We are likely to see a spike in spending on discretionary, big-ticket items such as autos, luxury goods and tourism that households have put off due to zero-Covid-related uncertainties in recent years. Over this year, we expect the jobs market and income prospects to get better, supported by accommodative fiscal and monetary policies, which in turn will lead to a normalisation of the domestic consumption trend and drive growth recovery. It will also benefit a number of other sectors that we discuss below. It is worth noting that the market currently remains focused on direct reopening plays and therefore other opportunities may get overlooked, which is where our bottom-up fundamental research driven stock picking can be a major advantage. 

Recovery in confidence

As the reopening benefits fully materialise, and as jobs and income prospects improve in China, we expect positive impact on a number of other crucial sectors of the economy:

Tourism and travel – A gradual and sustainable recovery in air travel demand (domestic and international) as Chinese tourists feel more confident in taking vacations. That will benefit major airports, duty free players, travel service and car companies along the way.

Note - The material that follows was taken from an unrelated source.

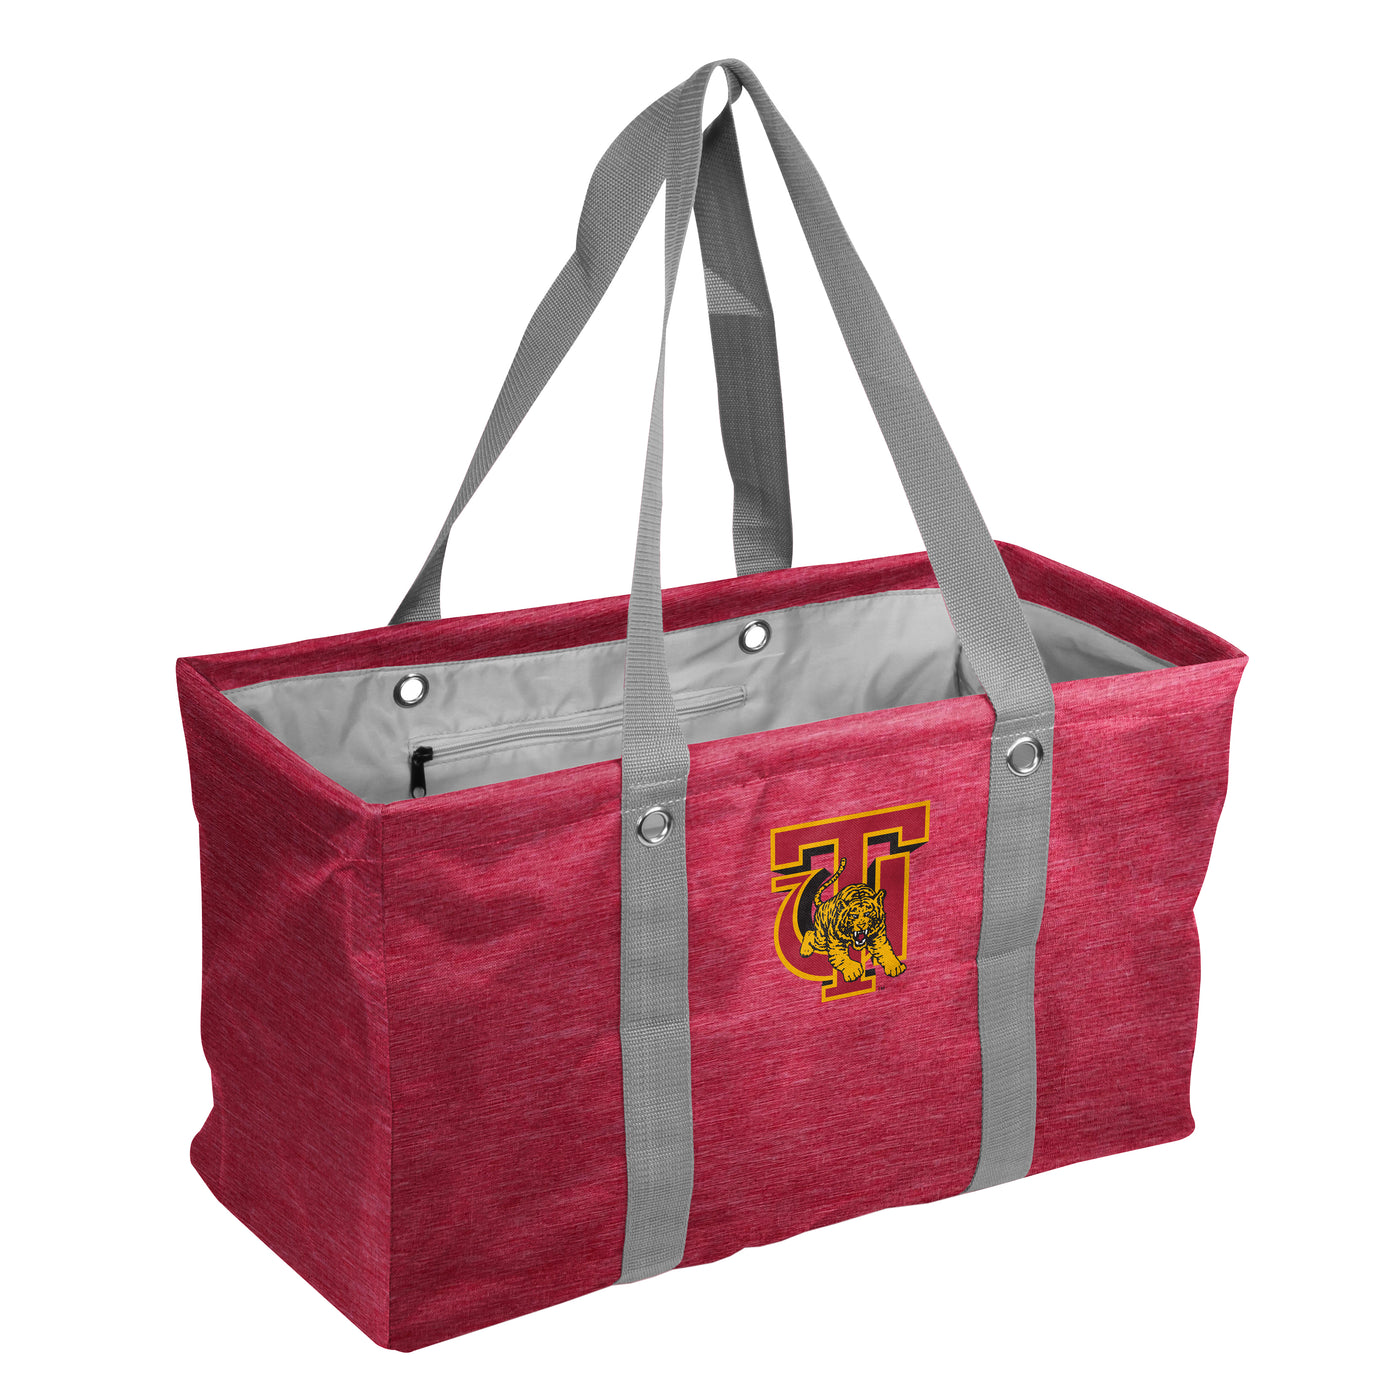 Tuskegee Picnic Caddy

Property – The rollback of zero-Covid removes one of the major Covid-related headwinds facing the property sector. As one of the largest sectors of the Chinese economy and a major consumption driver, stabilisation and broad based recovery in the housing market is crucial for economic growth to bounce back. We expect this to happen in stages and, encouragingly, last year we saw a plethora of policy support for the developers. This year, we are likely to see more demand side support, which will be a positive in our view.

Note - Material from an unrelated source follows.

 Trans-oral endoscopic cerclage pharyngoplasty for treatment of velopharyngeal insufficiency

Healthcare – As Covid infections peak gradually across China, the sector will likely see rising demand for healthcare services that may have previously been postponed by patients (e.g. non-life threatening surgeries) in light of the surge in infection cases.

Banks – Better income prospects and improvement in the property sector could restore consumer confidence. That can potentially have a positive impact on credit demand and improve interest margins for lenders.

Internet names to benefit

Figure 3: The Internet sector could recover from a low base, large cap names coming off low valuations 

We expect China internet – where valuations are still not stretched – to see three-pronged benefits of 1) reopening; 2) easing regulation; and 3) a newly developed focus on shareholder returns. The reopening will spur direct segments like online travel and local services as well as indirect ones like e-commerce and eventually advertising. Regulatory headwinds eased last year. In a major de-escalation of the American Depositary Receipts (ADR) delisting threat, US auditors declared that they have gained sufficient access to audit documents of Chinese firms listed on American exchanges. Chinese regulators have also indicated that their regulatory crackdown on internet companies is likely coming to an end. Further, companies have shifted their focus towards better shareholder returns through improved profitability, cashflow generation and share buybacks – last year, Alibaba announced a share buyback programme of $25 billion over a two-year period.

As much of the consumption in China is now done online, these companies have become highly correlated with consumer spending at the macro level. As the latter improves, revenue for internet companies are expected to also get better.

We hold various Chinese internet names in the abrdn China Investment Company portfolio, including Tencent, Alibaba, NetEase and JD.com.

Companies selected for illustrative purposes only to demonstrate the investment management style described herein, and not as an investment recommendation or indication of performance.